Sets

From 22101
Jump to navigation Jump to search
Previous: Simple Pattern Matching Next: Dictionaries

Required course material for the lesson

Powerpoint: Sets
Video: Sets

Subjects covered

  • Sets, which are unordered data collections with no duplicates.
  • Methods relevant to sets:
    • clear, clears a set
    • add, adds and element to the set,
    • update, adds several elements to the set, performance,
    • remove, removes an element from the set, error if not present,
    • discard, removes an element from the set, no error,
    • in, determines if an element exist,
    • mathematical set operations, intersection (&), union (|)

Exercises to be handed in

  1. Read the sequences in the file dna7.fsa. Find out which and how many of the 64 codons are not used somewhere in the sequences. Print the unused codons.
  2. You have made a program (let's call it the X-program), which as input takes a file of accession numbers, start10.dat and produces some output, which is in res10.dat. Now you count the lines in your input file and your output file and you discover that the line numbers do not match. Horror - your program does not produce output for some input. Now the assignment is to discover which accession numbers did not produce output. This can be done in various ways, but now you have to use a set. Print the results.
  3. In the file ex5.acc are a lot of accession numbers, where some are duplicates. We have earlier cleaned this file of duplicates. Let's do that again using a set. Make a program that reads the file once, finds the unique accession numbers and write them to the file uniq5.acc
  4. In the data1.gb file there are 6 references (to articles). Make a program that extracts all authors from the references, eliminates those that are duplicates and print the list of authors. You will notice that some authors seems to be the same person using different initials. You should only consider a person a duplicate if the name matches exactly. This should also work for the other Genbank entries: data2.gb, data3.gb & data4.gb.
    Beware: there traps in this exercise, check your output properly.
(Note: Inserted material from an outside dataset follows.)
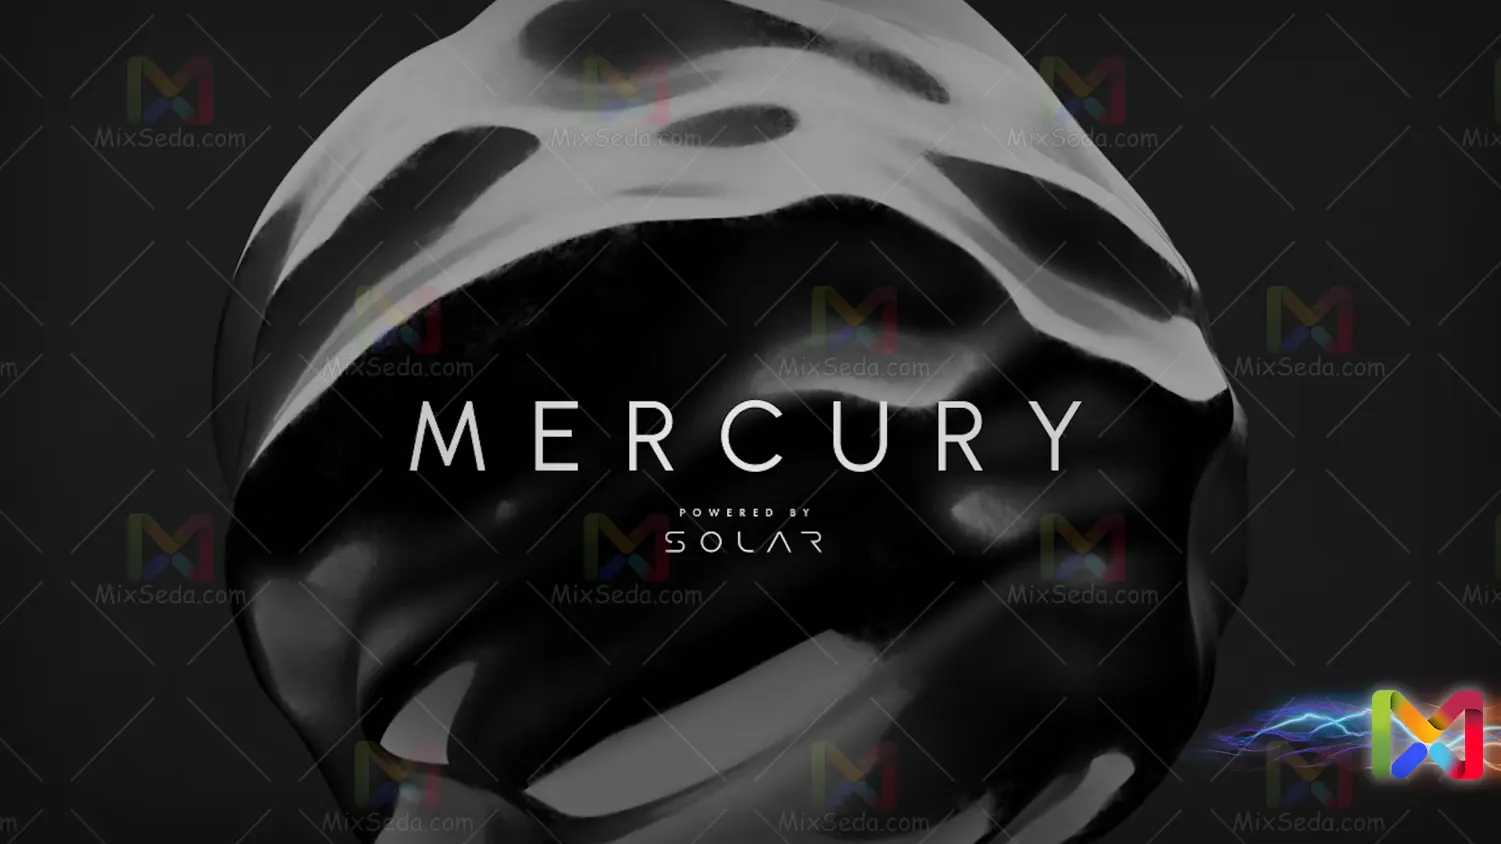 Spitfire Audio release Mercury

Exercises for extra practice

A k-mer is a piece of sequence k units long. It can be both protein and DNA sequence. As an example I have this DNA sequence: GACTAC. It contains the following 4-mers: GACT, ACTA, CTAC.

  • From a genbank file like data1-4.gb extract the DNA sequence (been there - done that). Now insert all 5-mers in the DNA sequence into a set. Compute the following numbers: how many did you insert in the set, how many are in the set, how many different 5-mers could there possibly be. Display. It seems like the two first numbers are the same, but this is not guaranteed to be true, why?
  • Calculate the overlap of 5-mers between any two of the data1-4.gb files. Just ask for two filenames and calculate for these.
  • Make a program that asks for a number (integer) then reads the dna7.fsa file (which contains insulin-like genes) and saves the entry selected by the number in selected.fsa and the rest of the entries into the file rest.fsa.
  • Now that you can select a fasta entry, then read the selected.fsa and create 5-mers from the sequence. Now read the entries from rest.fsa and for every entry create the 5-mers from the sequence. Report which sequence in rest.fsa had the greatest overlap (and how much overlap) with the selected sequence. This must be the sequence that looks most like the selected one.